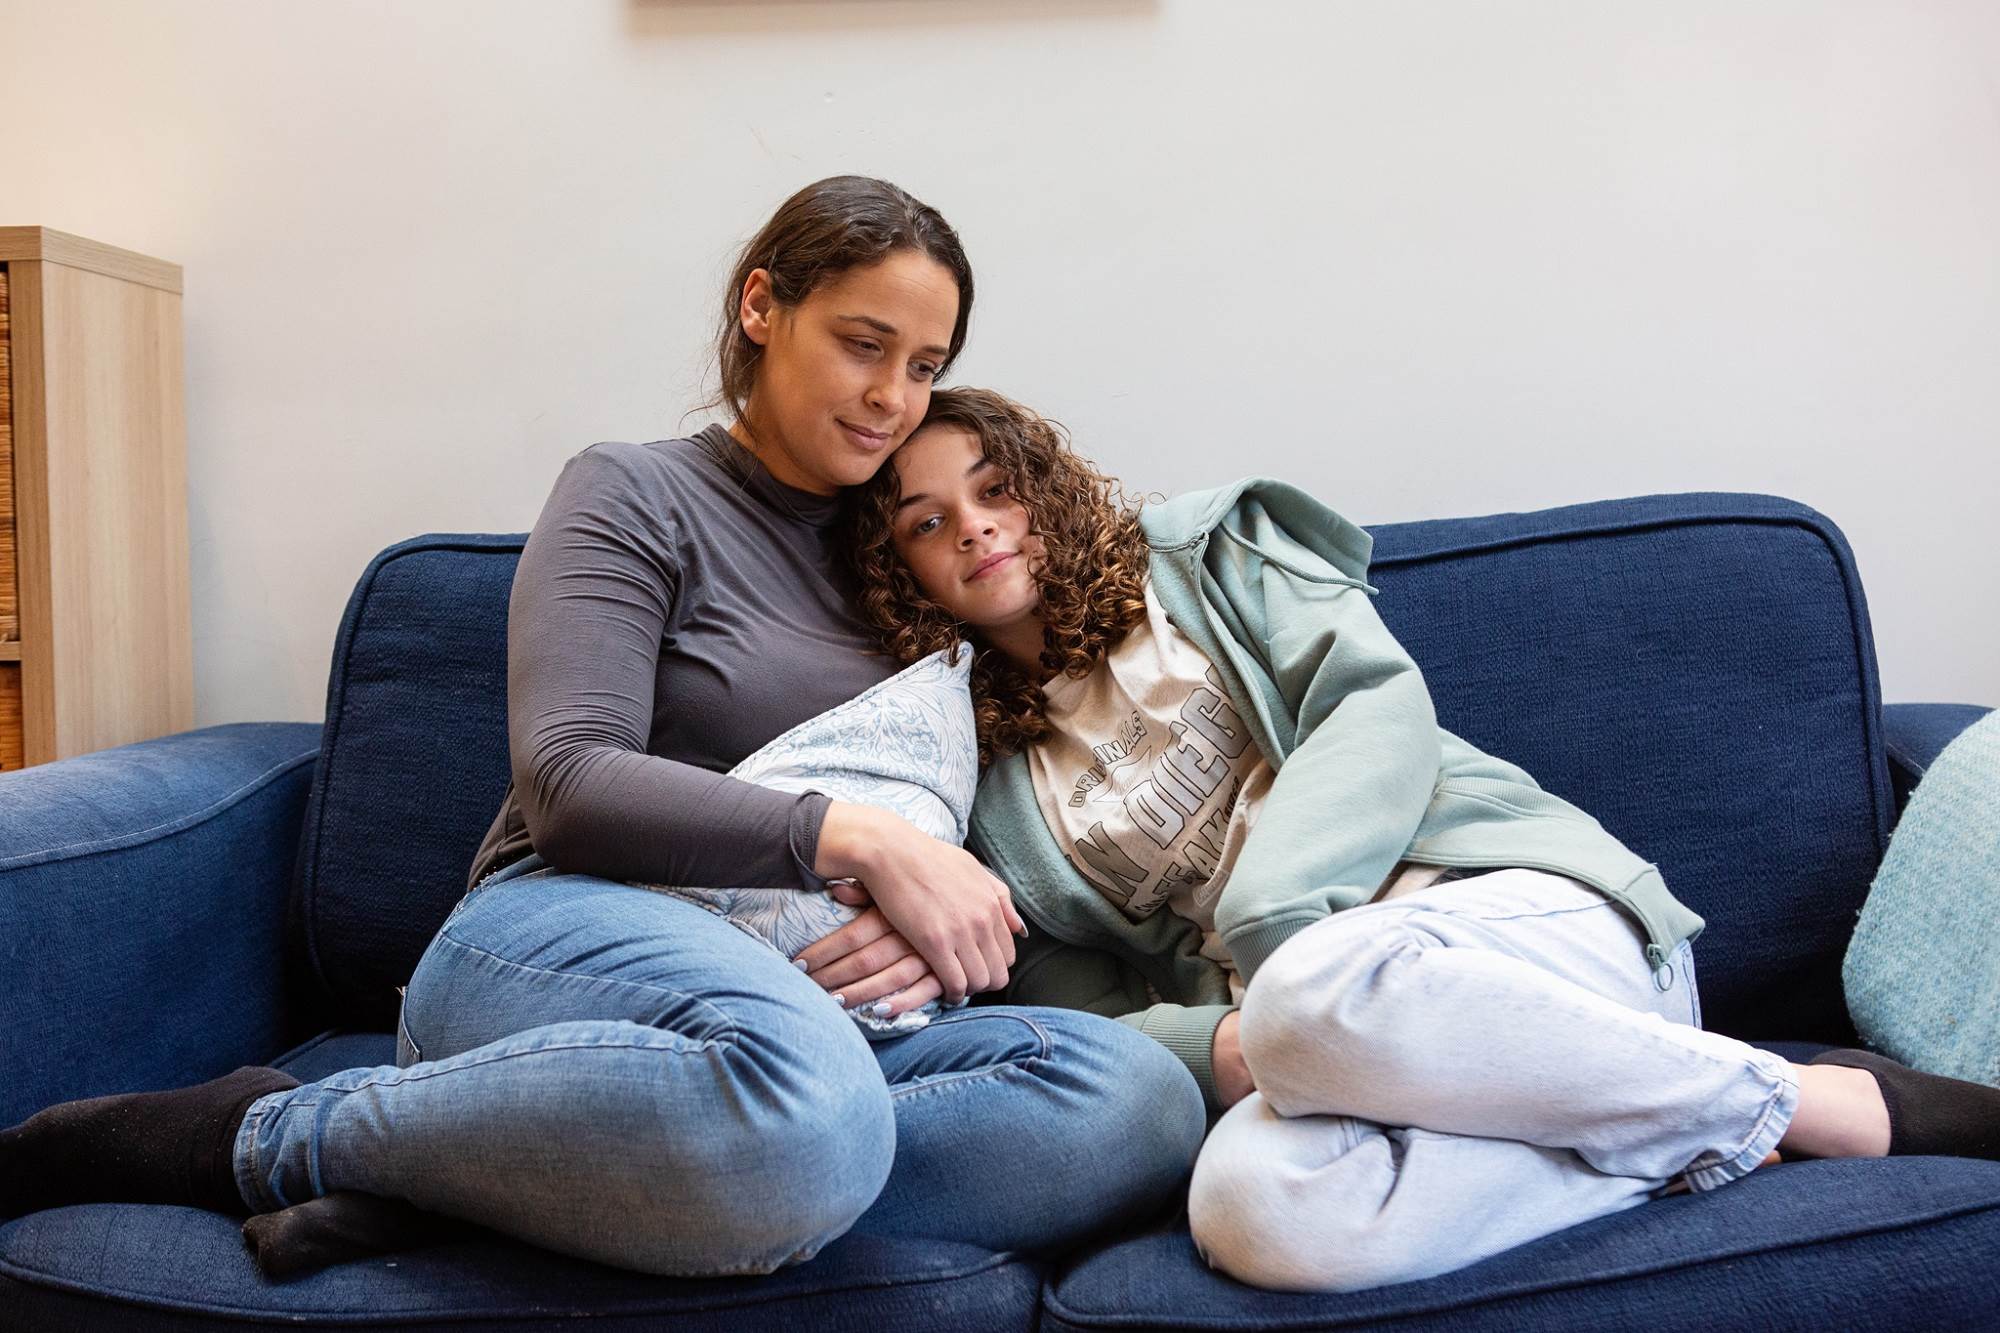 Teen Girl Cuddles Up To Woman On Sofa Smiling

● ● ●

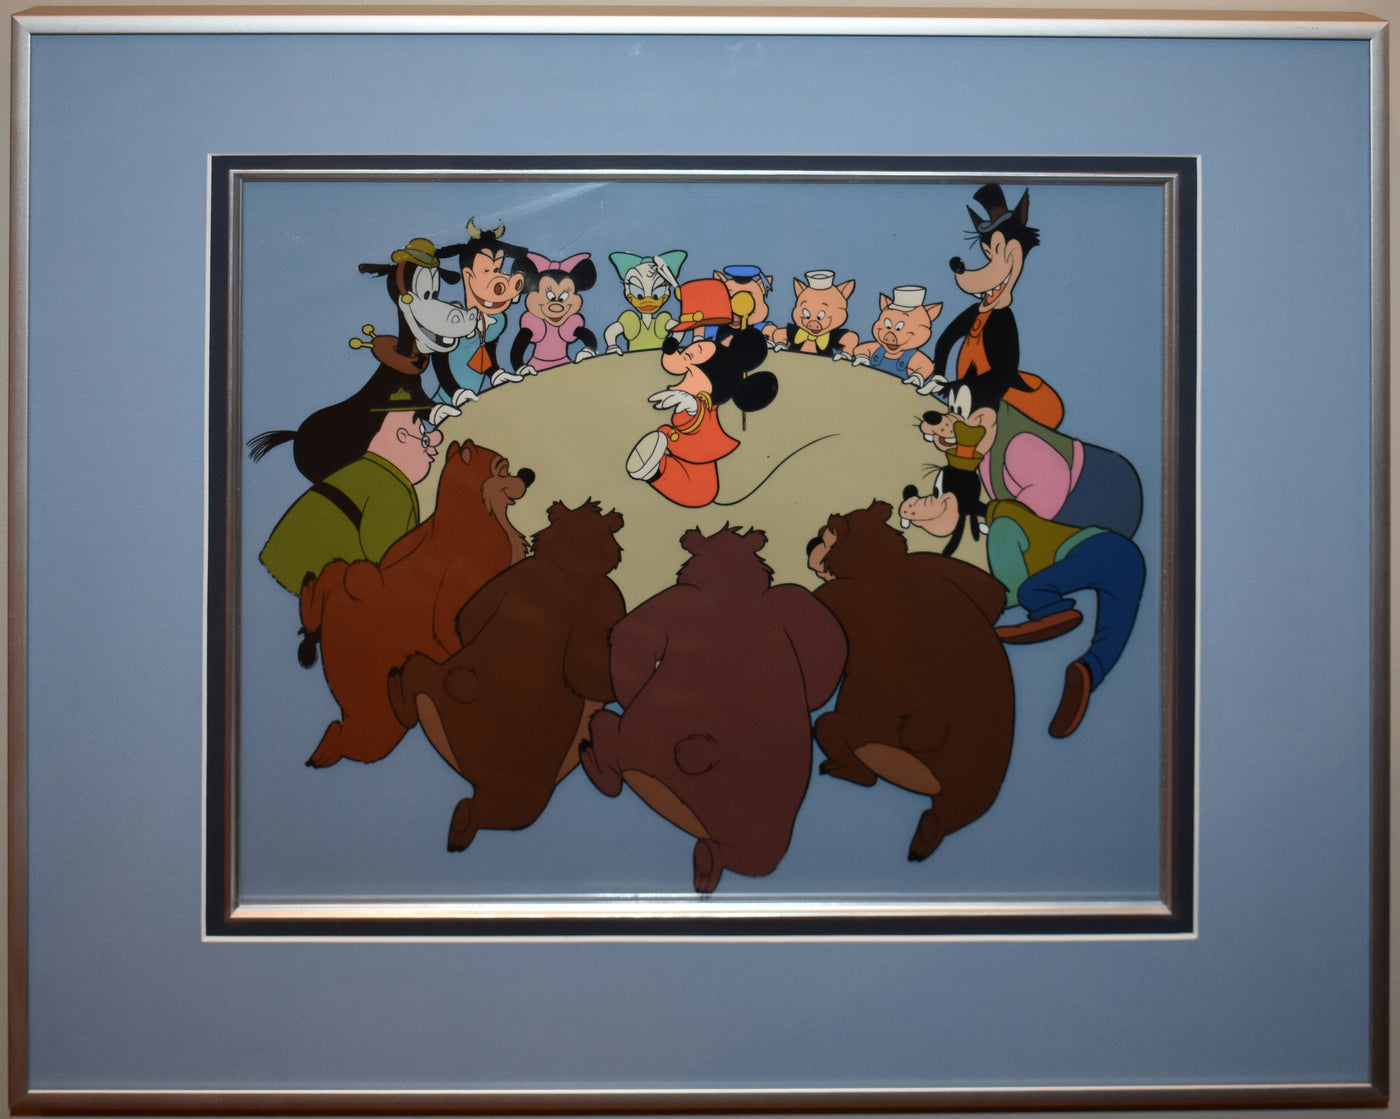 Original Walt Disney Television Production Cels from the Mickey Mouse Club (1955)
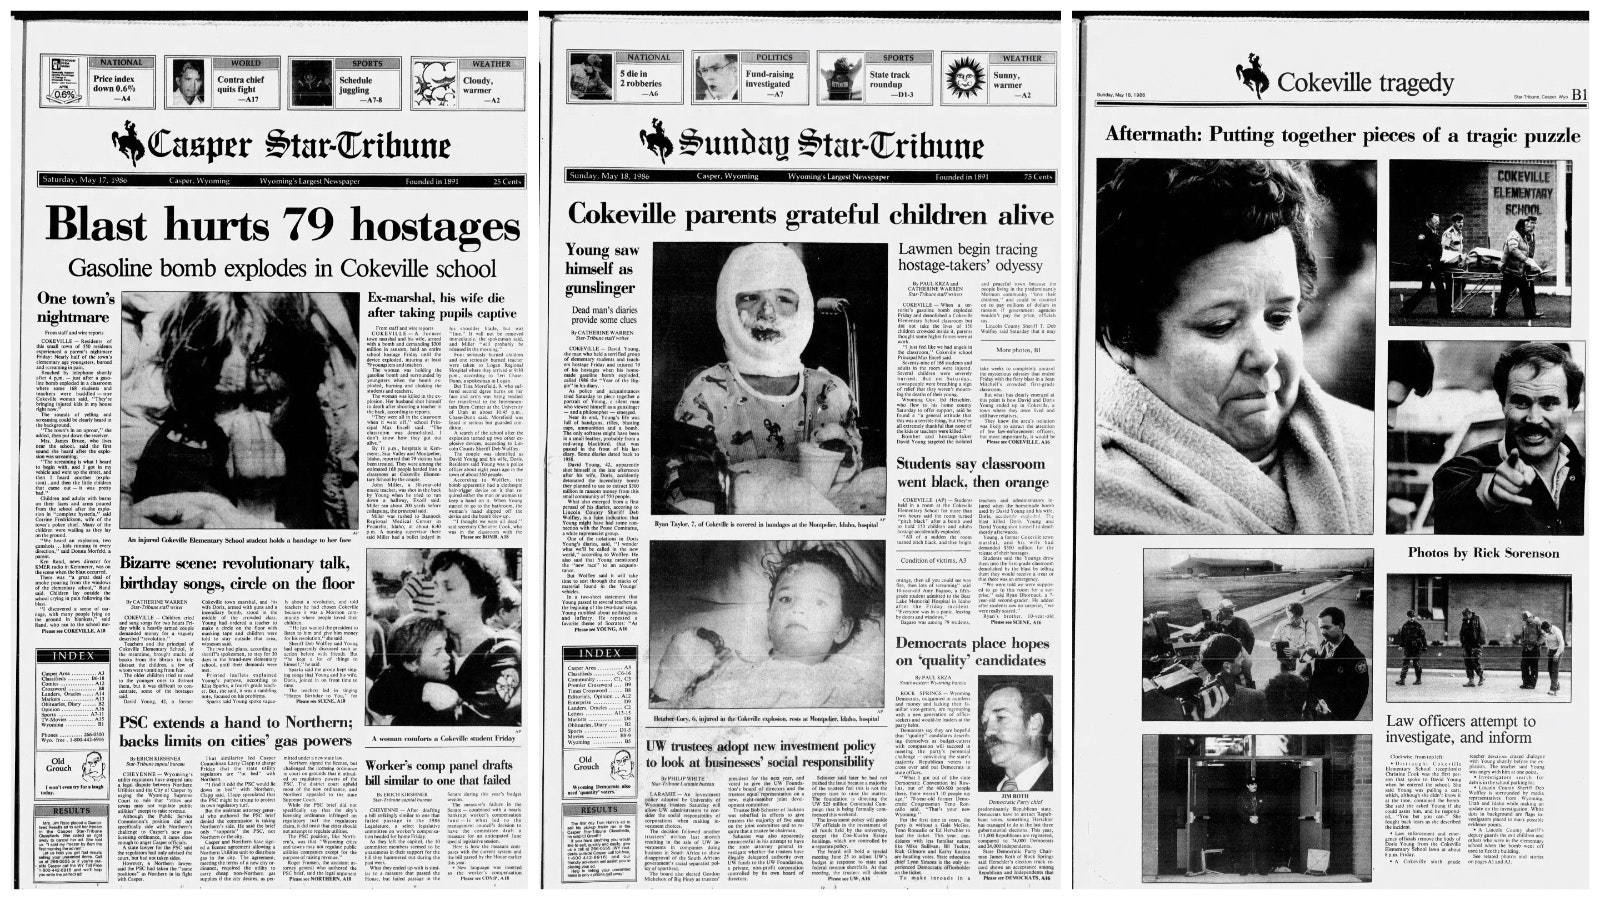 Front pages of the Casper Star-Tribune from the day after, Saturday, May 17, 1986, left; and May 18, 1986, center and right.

● ● ●

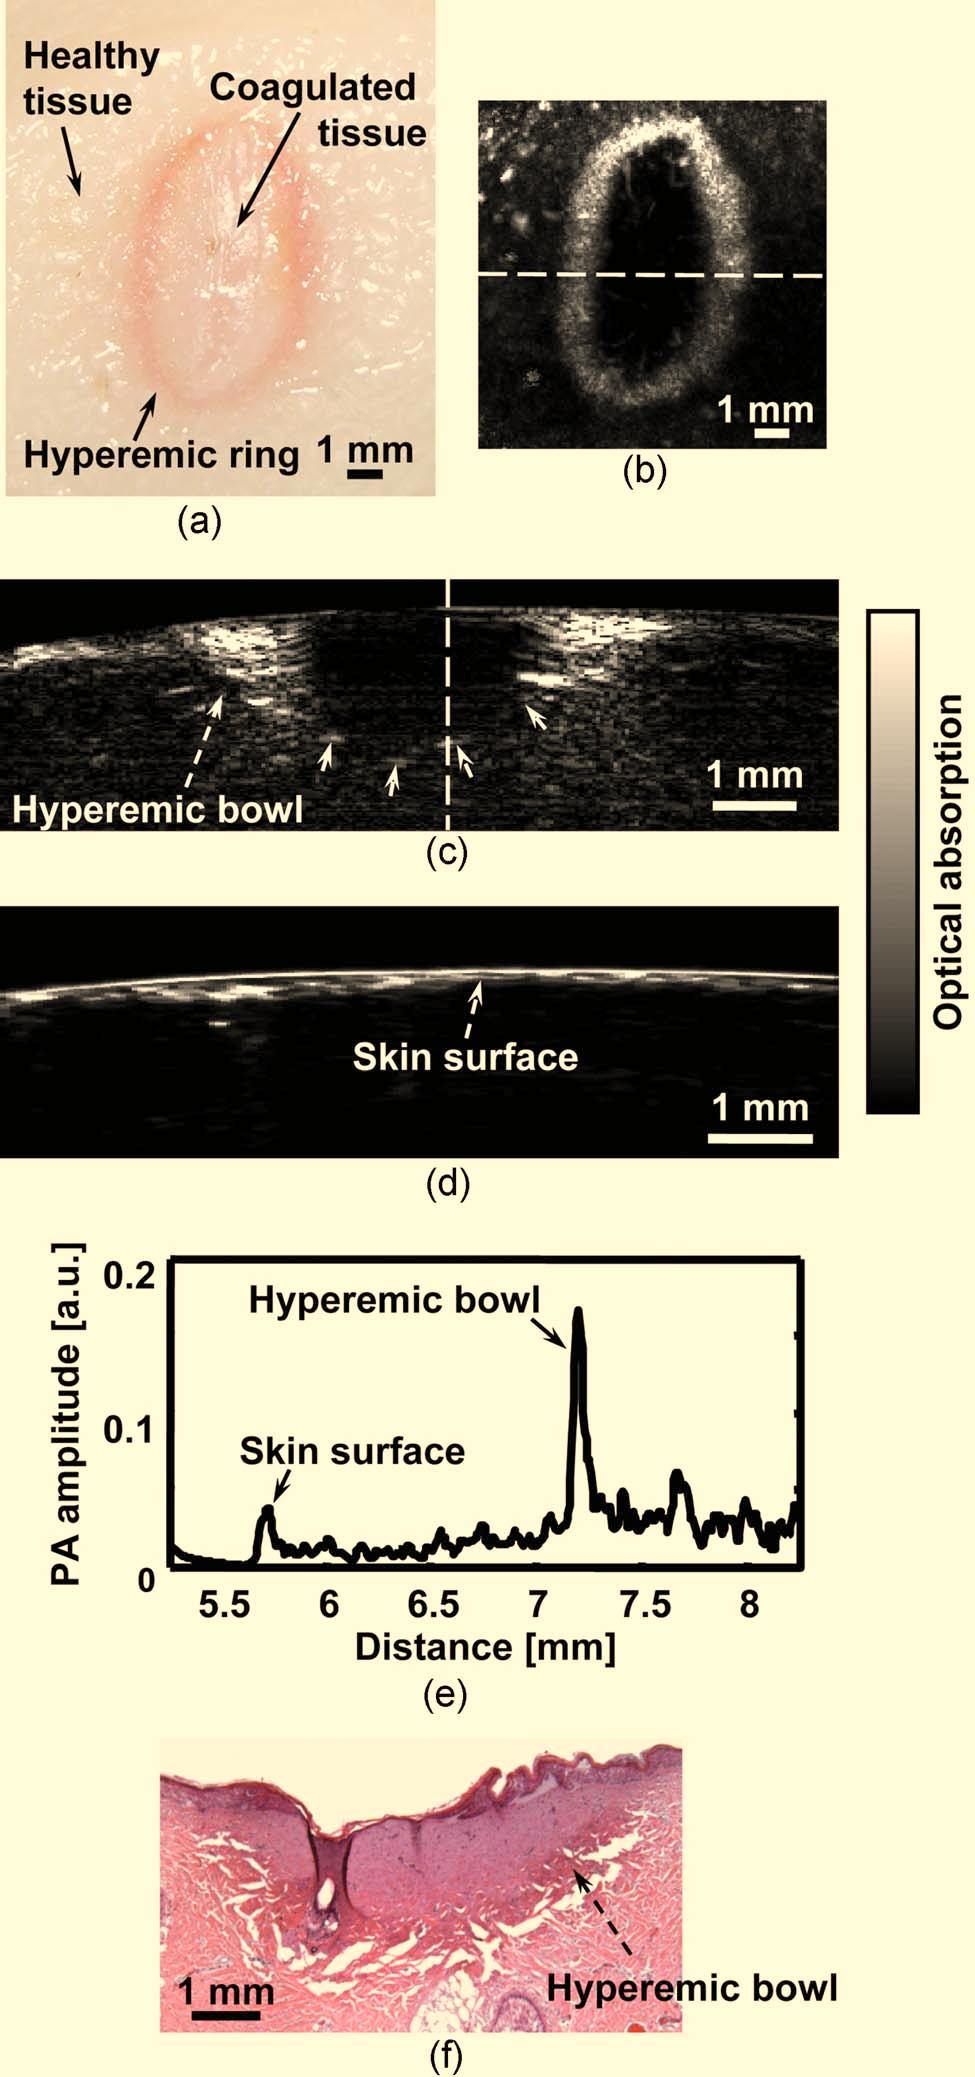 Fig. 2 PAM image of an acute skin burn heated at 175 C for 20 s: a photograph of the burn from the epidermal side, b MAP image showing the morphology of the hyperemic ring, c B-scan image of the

● ● ●

_Work order_. Using the records above, repeat exactly the run of lines that starts with the line with "Original Walt Disney" and goes on through the line with "Front pages of"; omit each picture.

_Result_.
 Original Walt Disney Television Production Cels from the Mickey Mouse Club (1955)
 Front pages of the Casper Star-Tribune from the day after, Saturday, May 17, 1986, left; and May 18, 1986, center and right.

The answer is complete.